2.3.1 (directive migrations)
  → 2.4.1 (session migrations)
  → 2.5.1 (ClickHouse schema)
      [these three can run in parallel — all are schema/infra]

2.2.1 (auth LRU cache) → 2.2.2 (revocation propagation)

2.3.2 (directive resolver) → 2.3.3 (prompt injection)

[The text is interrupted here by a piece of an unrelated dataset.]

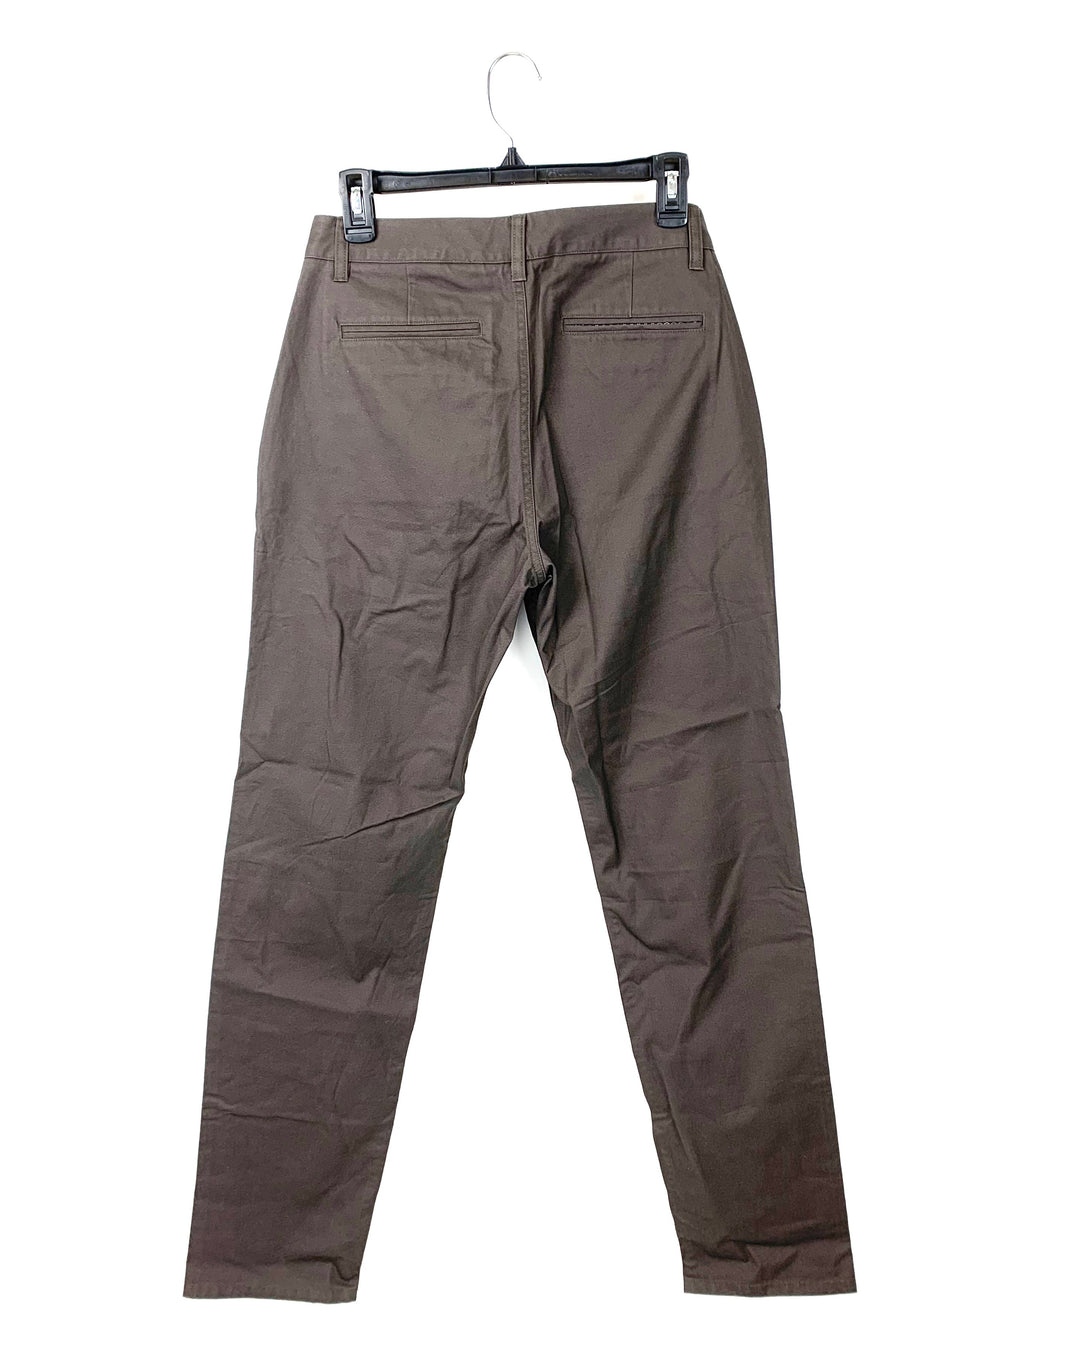 MENS Brown Pants - Size 28/32, 29/32 40/32,

2.1.1 (provider interface)
  → 2.1.2 (OpenAI non-streaming)
  → 2.1.3 (OpenAI streaming)
  → 2.1.4 (provider routing)
  → 2.1.5 (provider error mapping)

2.4.2 (session store) → 2.4.3 (proxy session lifecycle)
2.5.2 (ClickHouse client) → 2.5.3 (async trace emitter)

[all above merged]
2.6.1 (latency benchmark) → 2.6.2 (Phase 2 exit gate)

Documents

goals.md — Goals 2.1–2.6
milestones/ — PR-sized work units
decisions.md — Phase-local decision log
risks.md — Risks and mitigations

Goal overview

Goal	Focus
2.1	Provider abstraction and OpenAI forwarding
2.2	Auth LRU + bloom cache
2.3	Directive resolve and inject
2.4	Sessions and checkpoints
2.5	ClickHouse async traces
2.6	Latency benchmark and exit gate

Next phase

When exit criteria are met, begin Phase 3: Memory Engine and Operator Platform.